José Urben Farías

Personal information
- Full name: José Urben Farías
- Date of birth: 17 April 1937
- Place of birth: Bolívar, Argentina
- Date of death: 10 June 2004 (aged 67)
- Place of death: Buenos Aires Argentina
- Position(s): Midfielder

Senior career*
- Years: Team / Apps / (Gls)
- 1957: Boca Juniors / 2 / (1)
- 1958: Gimnasia La Plata / 3 / (3)
- 1959: Lanús / 1 / (0)
- 1960–1961: Los Andes / 13 / (4)
- 1962: Huracán / 1 / (0)
- 1962–1963: RC Paris / 6 / (3)
- 1963–1967: Strasbourg / 127 / (49)
- 1967–1970: Red Star / 94 / (26)
- 1970–1972: Toulouse / 49 / (10)
- Total:  / 296 / (96)

Managerial career
- 1970–1972: Toulouse
- 1972–1974: Red Star

= José Farías =

Argentine footballer and manager (1937-2004)

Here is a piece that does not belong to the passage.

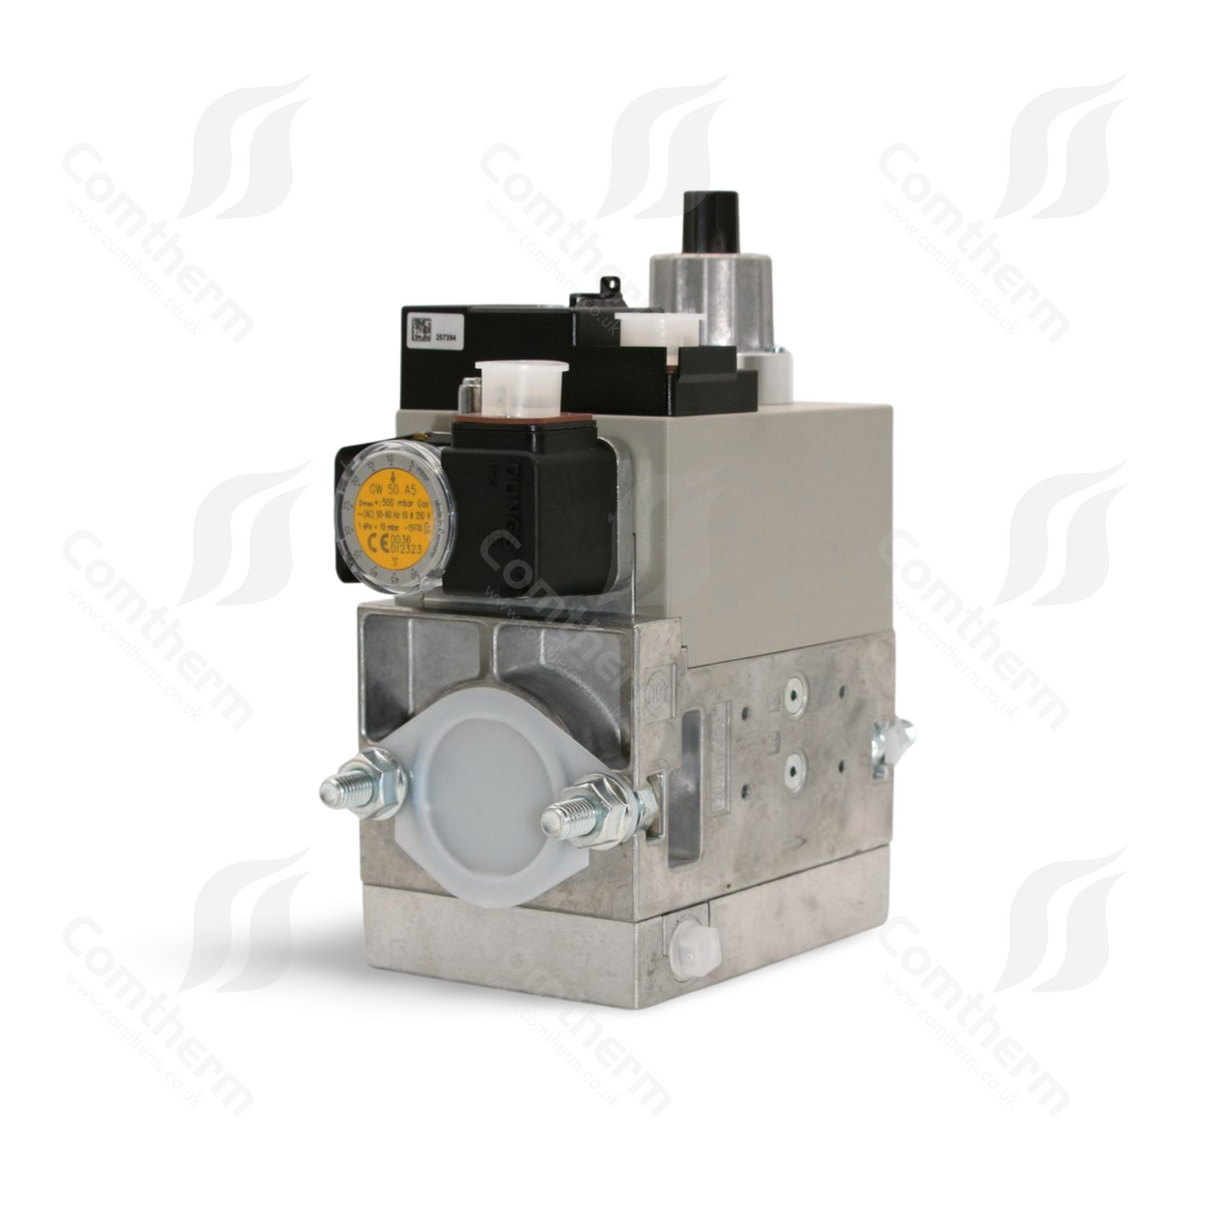 Dungs MB-DLE 412 B01 S52 + GW150A5 Multibloc Gas Valve - 230v

José Farías (17 April 1937 - 10 June 2004) was an Argentine football player and manager. He played and coached in France.

Farías played for Boca Juniors, Club de Gimnasia y Esgrima La Plata, Club Atlético Lanús, Los Andes, Club Atlético Huracán, RC Paris, RC Strasbourg, Red Star and Toulouse FC.

He then enjoyed a coaching career with Toulouse FC and Red Star.

He died in June 2004 in Argentina.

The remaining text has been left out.